(Stored records)
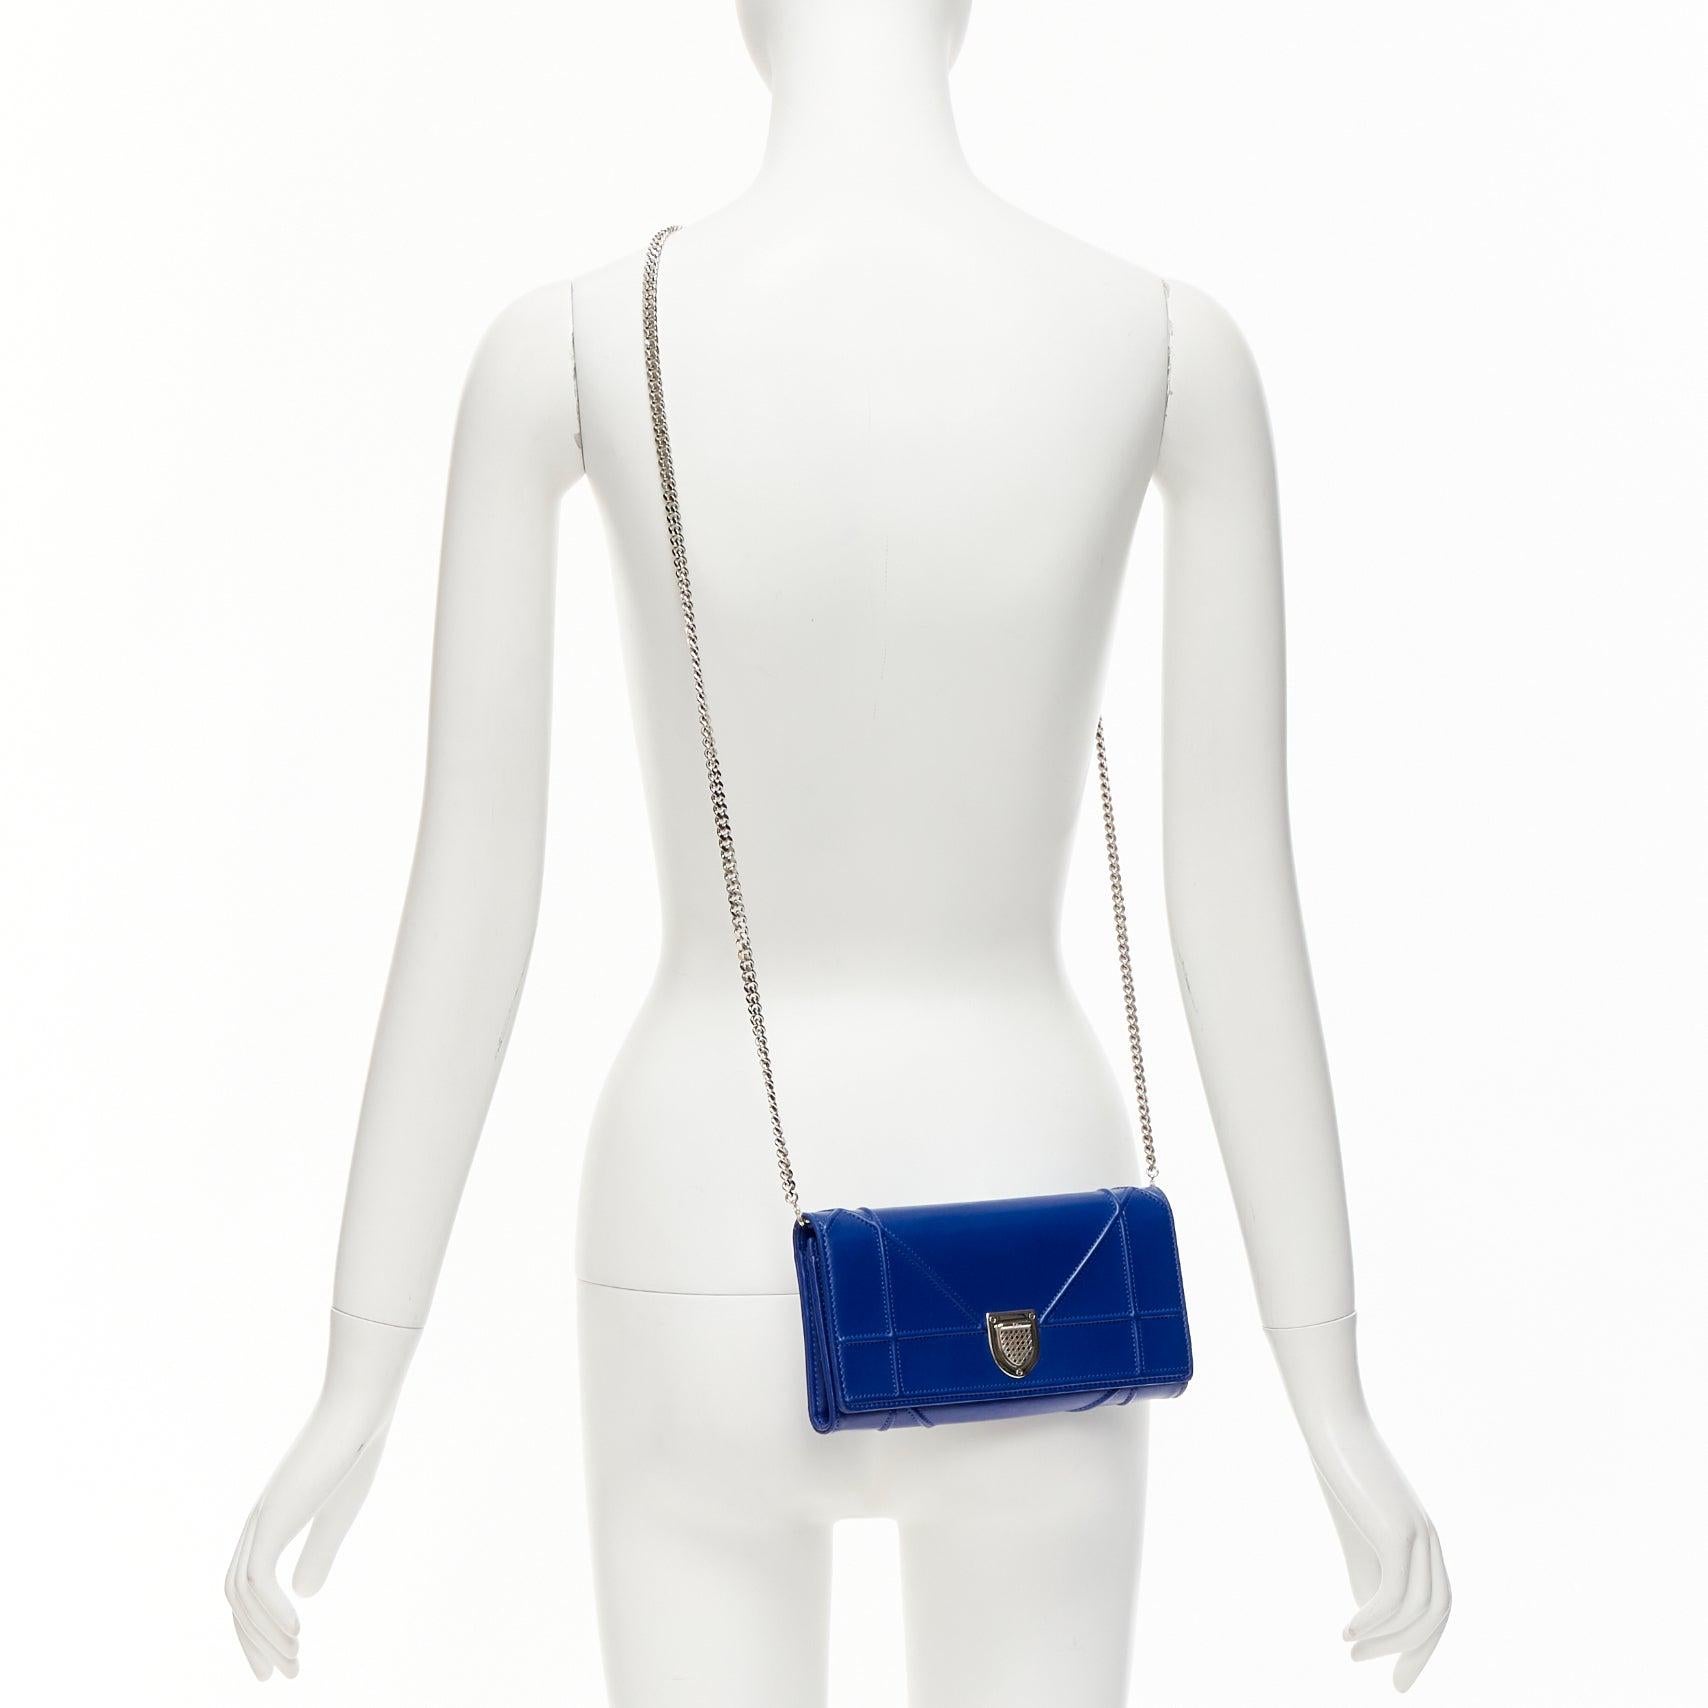 DIOR Diorama cerulean blue quilted crossbody wallet on chain clutch bag
Reference: KYCG/A00031
Brand: Dior
Collection: Diorama
Material: Leather
Color: Blue, Silver
Pattern: Solid
Closure: Snap Buttons
Lining: Blue Leather
Made in:

*EXERCISE OBJECTIVE:* From the line containing "Color: Blue, Silver" to the final line of the data, repeat each line exactly. Include both ends.

*WRITTEN ANSWER:*
Color: Blue, Silver
Pattern: Solid
Closure: Snap Buttons
Lining: Blue Leather
Made in:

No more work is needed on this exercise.